| Information provided |
Content starts

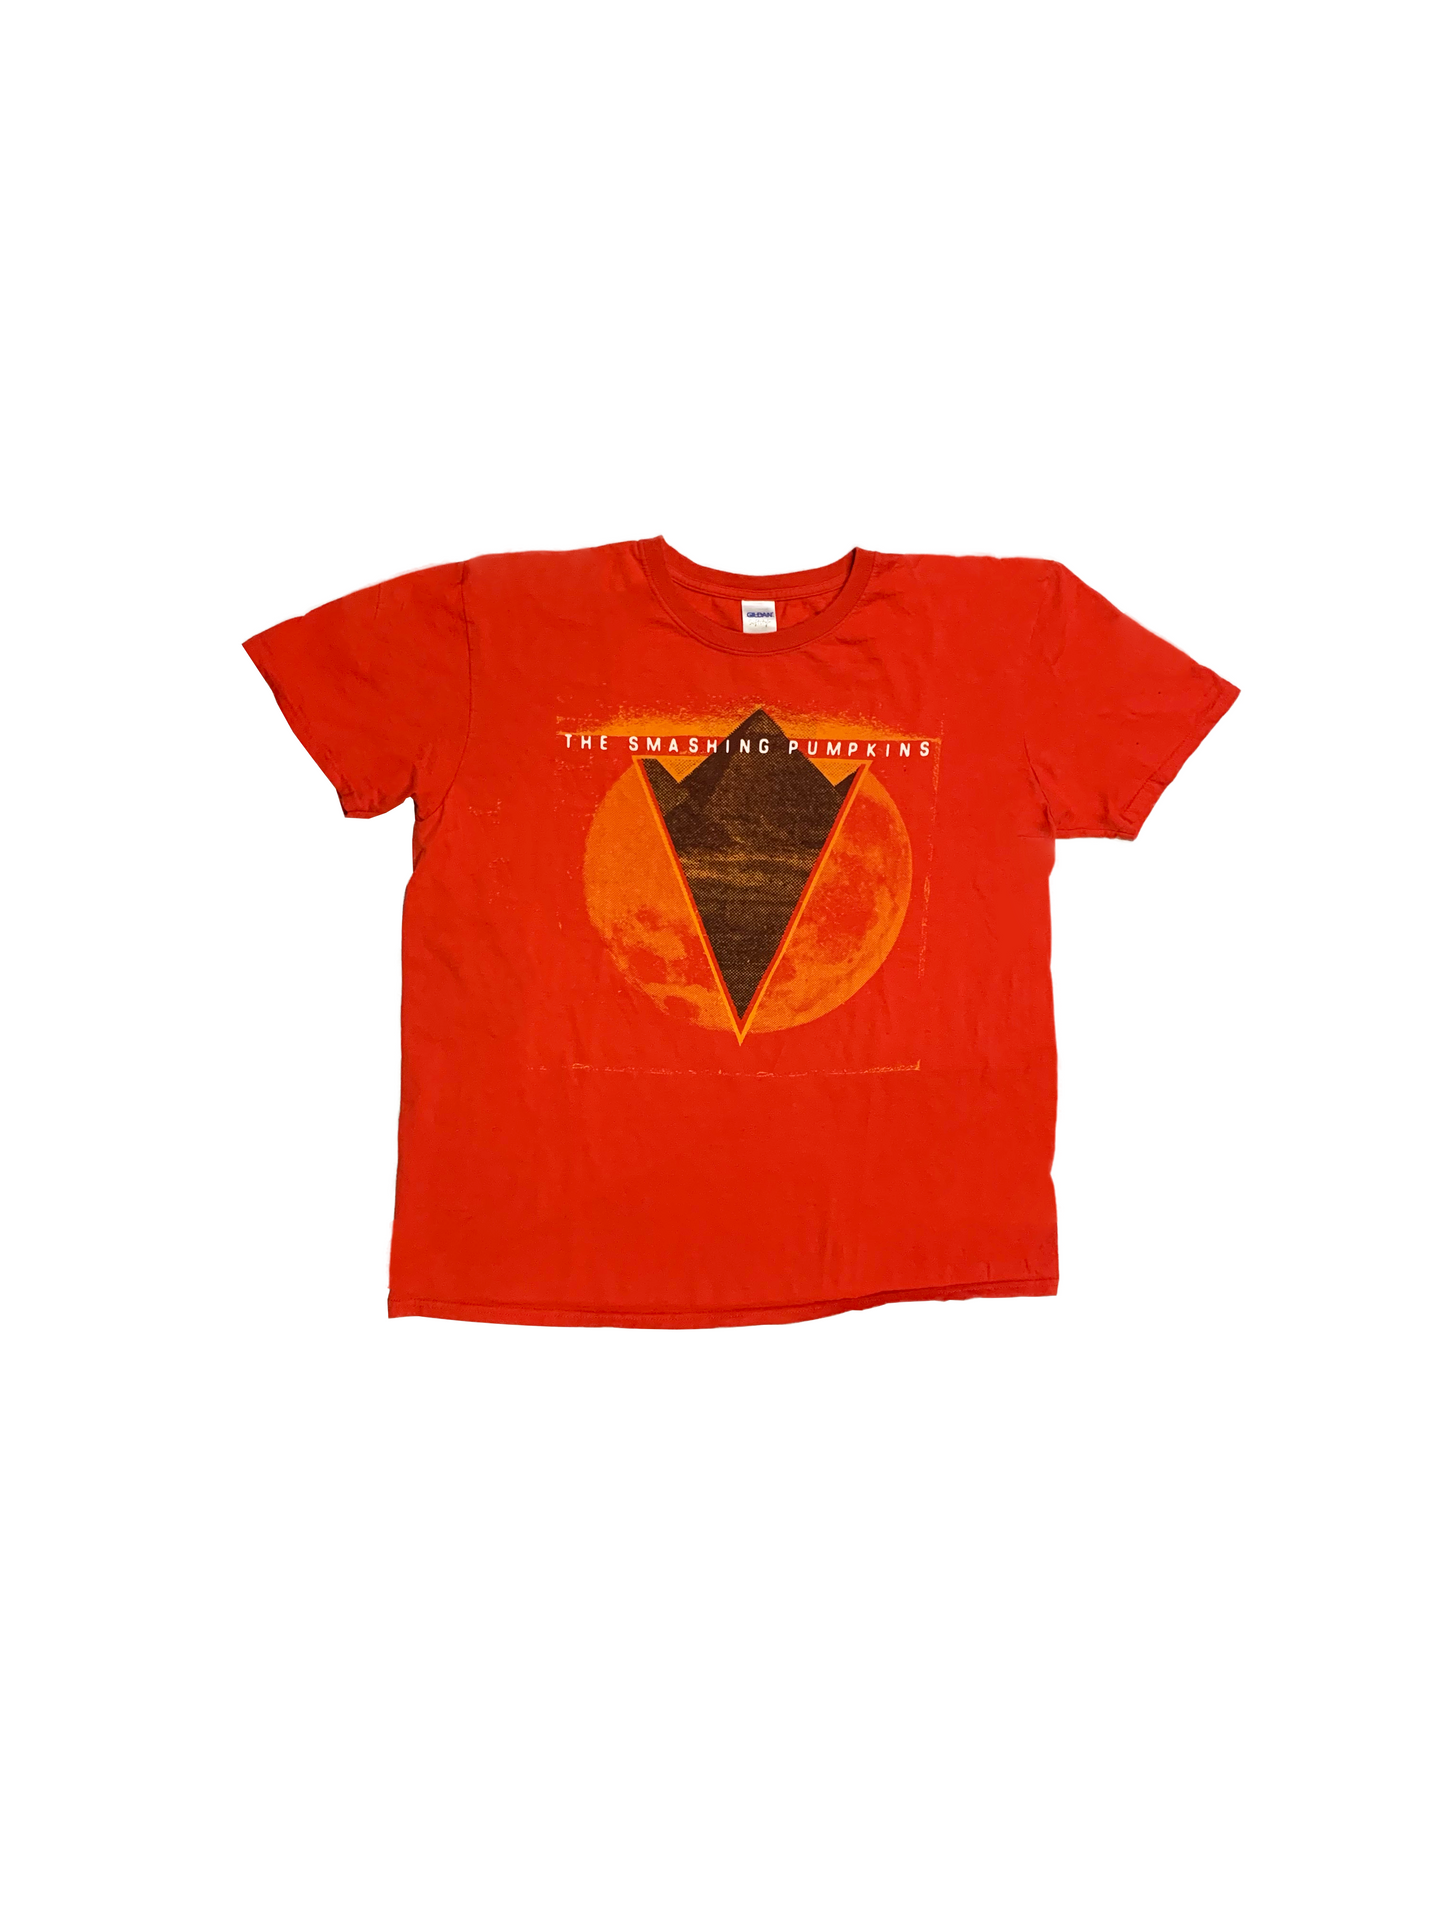 The Smashing Pumpkin T-Shirt
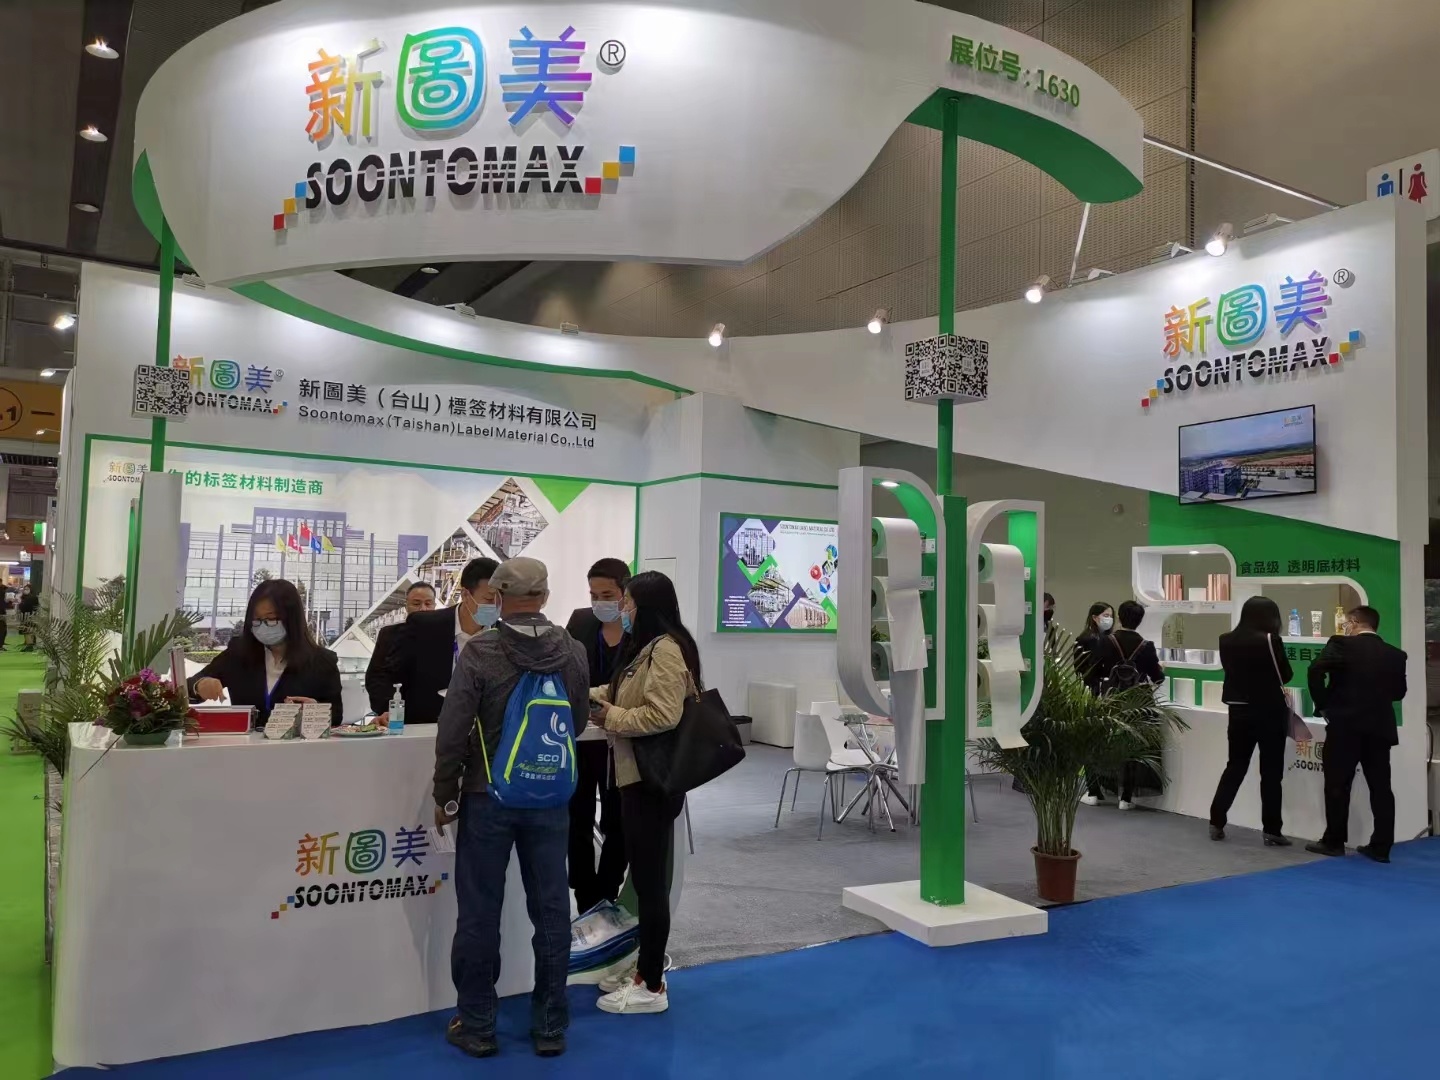 2021 Guangzhou South China Label Exhibition
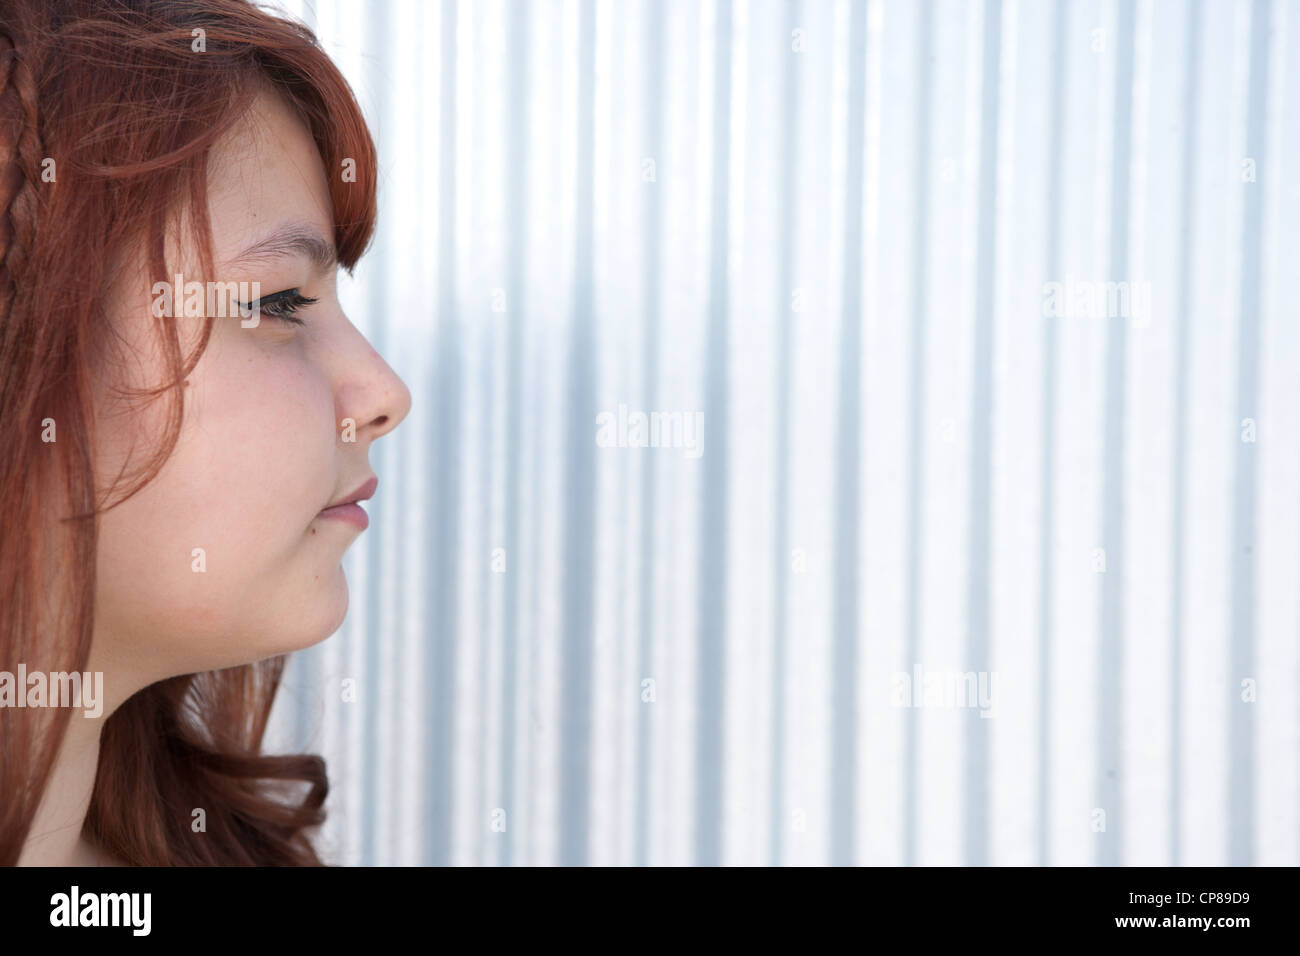 Profil de quinze ans girl wearing eye liner, avec fond argenté. Banque D'Images

Content ends

| What is required |
Give back the data exactly. Pictures stay out.

| Task response |
 The Smashing Pumpkin T-Shirt
 2021 Guangzhou South China Label Exhibition
 Profil de quinze ans girl wearing eye liner, avec fond argenté. Banque D'Images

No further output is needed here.